Griffin's mother and her latest husband are due to testify Tuesday.

Stanley Griffin's aunts said they repeatedly saw Dorothy hitting her husband and kids with her hands, sticks and boards, leaving welts and bruises on them. The abuse happened in the farm fields and in the home, but was not relegated to physical abuse.

The aunts said they did not witness positive reenforcement from Dorothy to her kids. She would curse them and call Stanley "stupid," "black as tar," "crazy" and "just like your daddy."

They also said Dorothy would talk back to her mother- and father-in-law, who tried to provide Stanley Griffin with love and support, along with the aunts.

One aunt said Stanley was slow to grasp his studies and needed repeated emphasis from her when they were going over his schooling. Another aunt said Griffin was a "joyful," an "ordinary" boy who would put on talent shows and play games.

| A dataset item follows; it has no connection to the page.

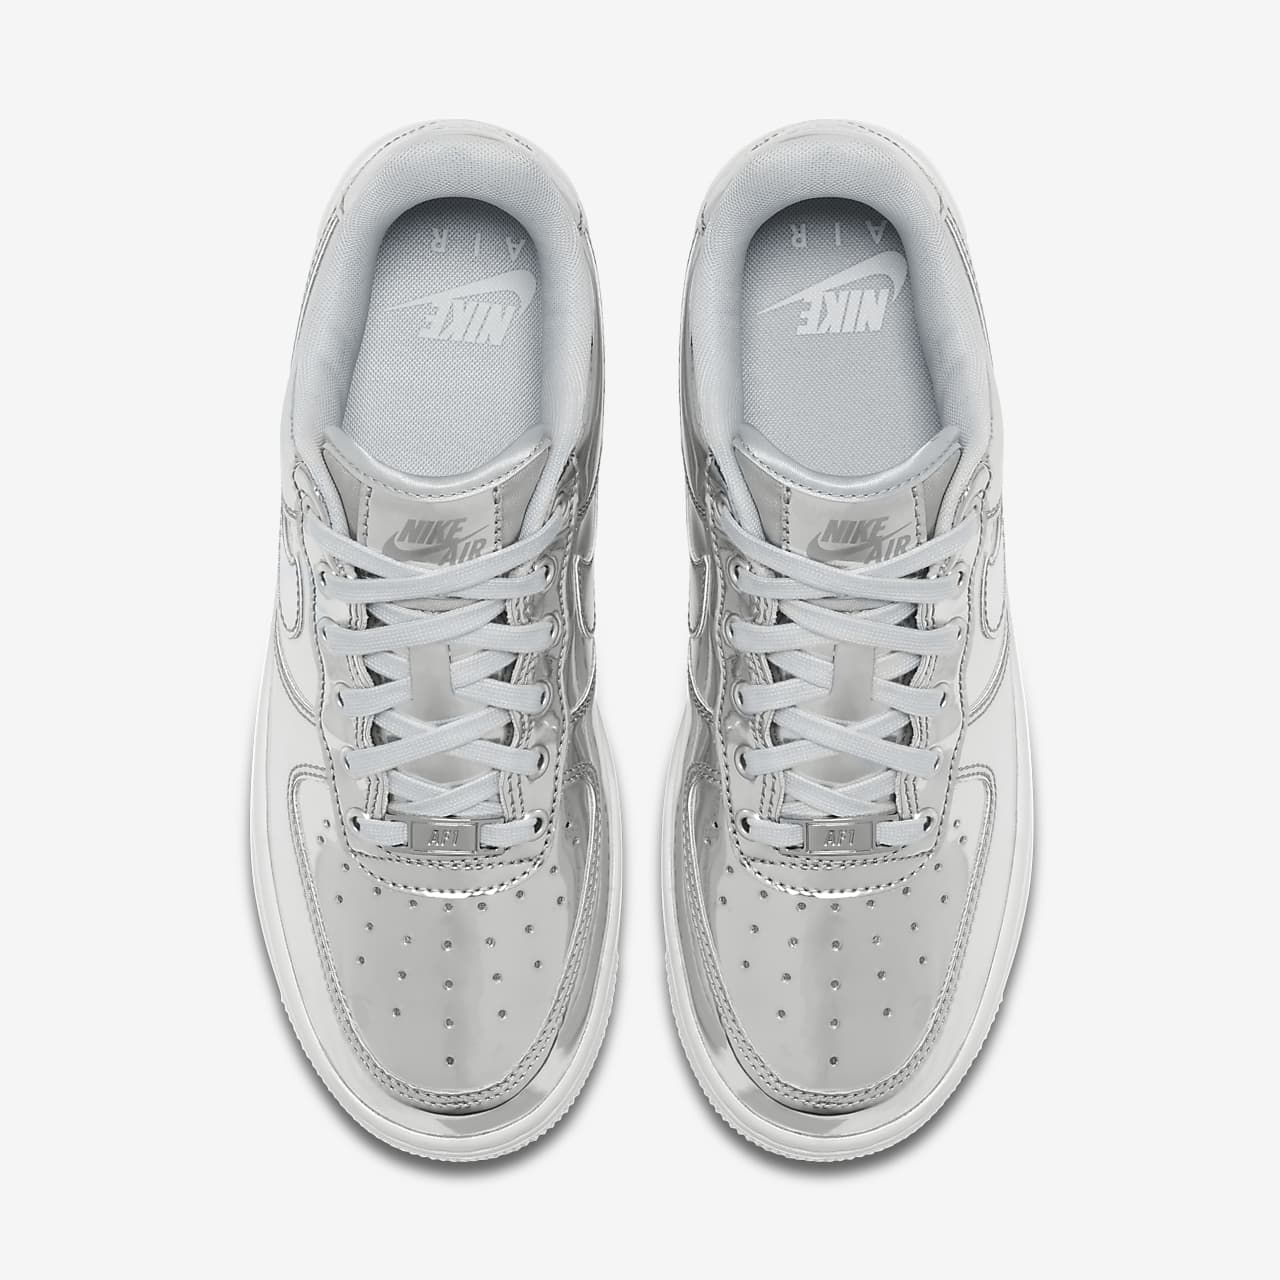 nike air force 1 sp silver
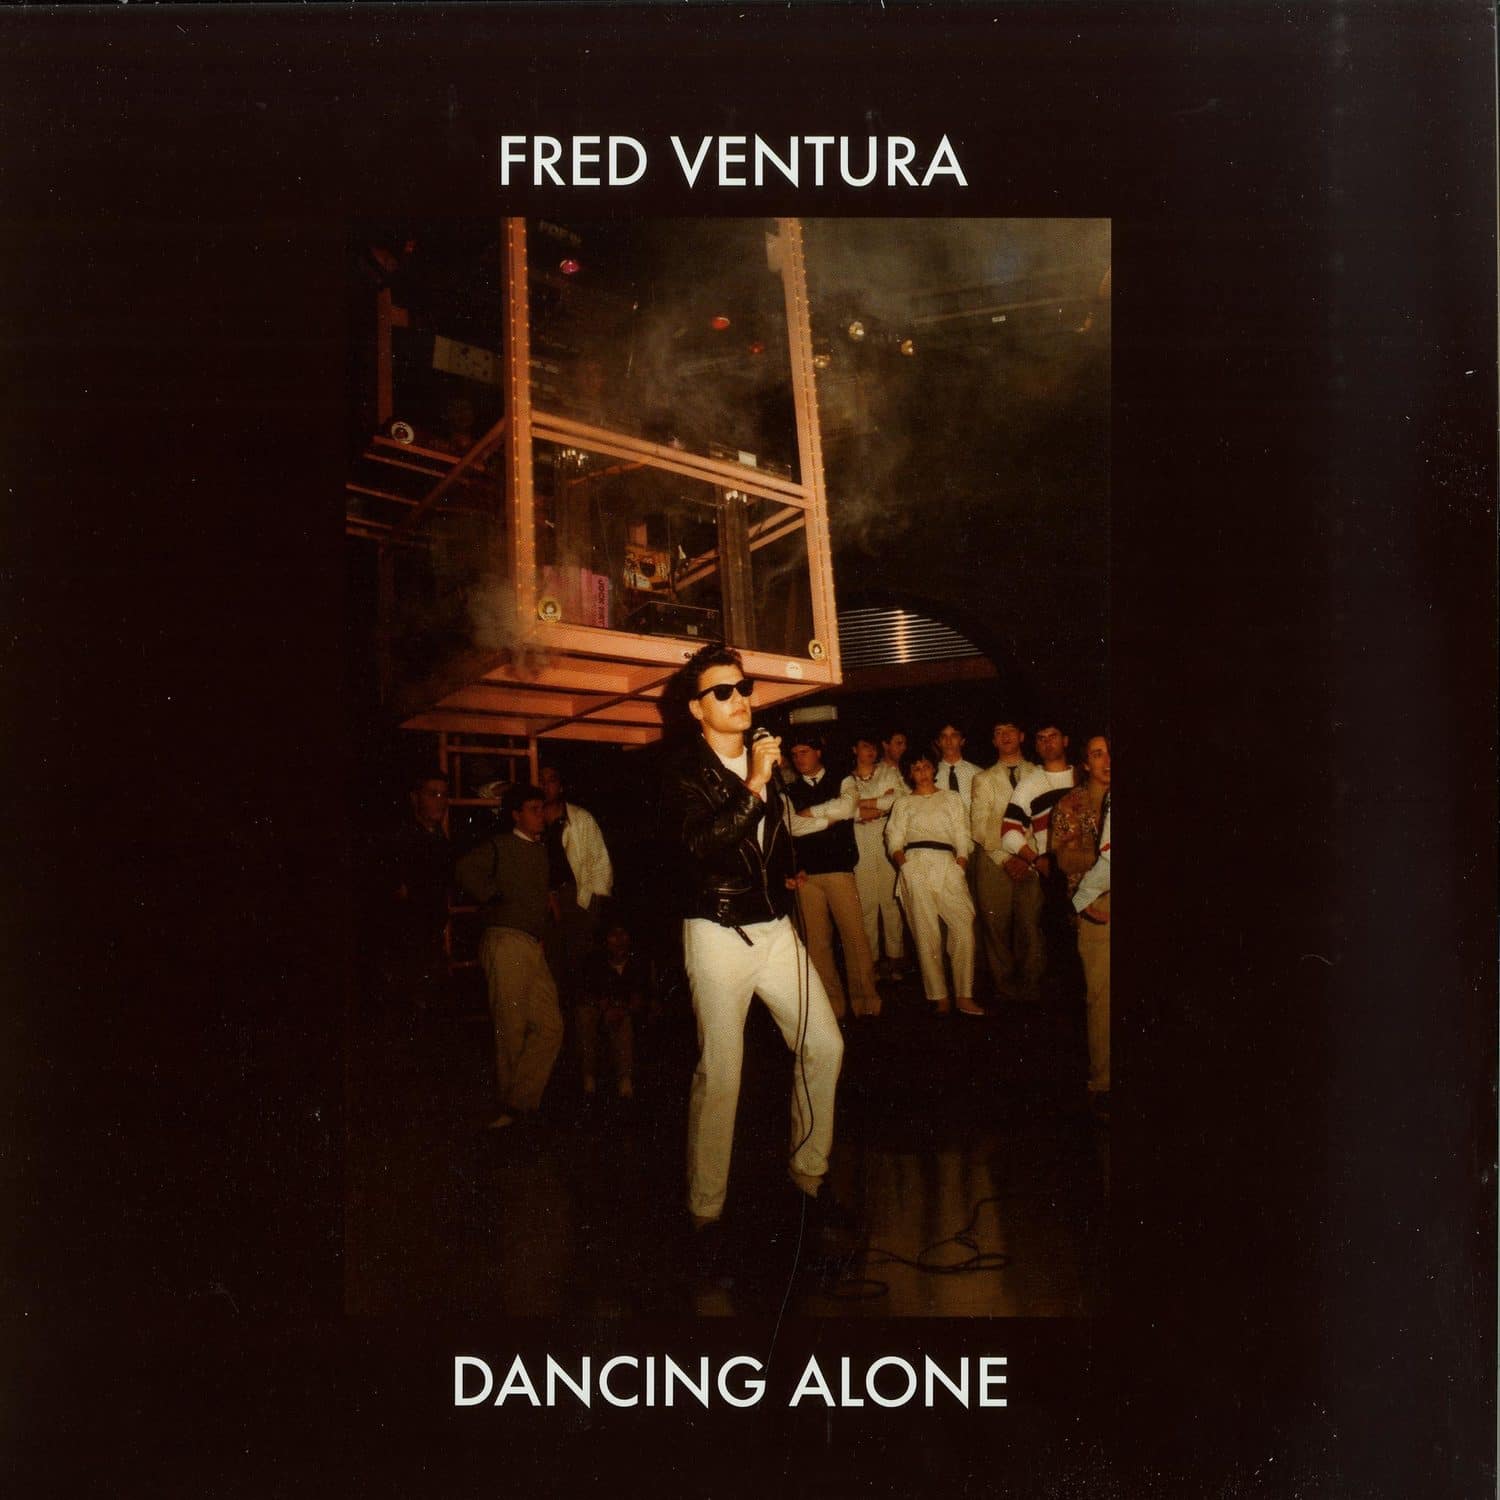 Fred Ventura - DANCING ALONE - DEMO TAPES FROM THE VAULTS 1982-1984 LP

The jury has two options for punishment: life in prison without the possibility of parole, or the death penalty. To sentence him to death, the jury must determine Griffin is a future danger to others, and that there are no mitigating circumstances that would prevent the State of Texas from executing the 47-year-old.

The defense is arguing that Griffin is mentally retarded, thus making him ineligible for the death penalty under the U.S. Constitution.

Early Monday afternoon, educators from Gadsden County, Florida testified about Griffin's records from a special needs school program. While they did not remember Griffin because of the hundreds and thousands of students they educated, their records from the early 1980s showed Griffin had a low IQ -- 65 as he entered middle and high school years -- and struggled to retain information.

Prosecutors said they would provide their own experts to counter the defense's and prove Griffin is not mentally retarded. They are asking the jury to sentence Griffin to death.

 
 

Griffin's Lawyers to Argue Their Client is Mentally Retarded

By Steve Fullhart - Kbtx.com

June 23, 2012

Lawyers for Stanley Griffin will work to show their client's lack of intelligence and upbringing are among the reasons to spare his life.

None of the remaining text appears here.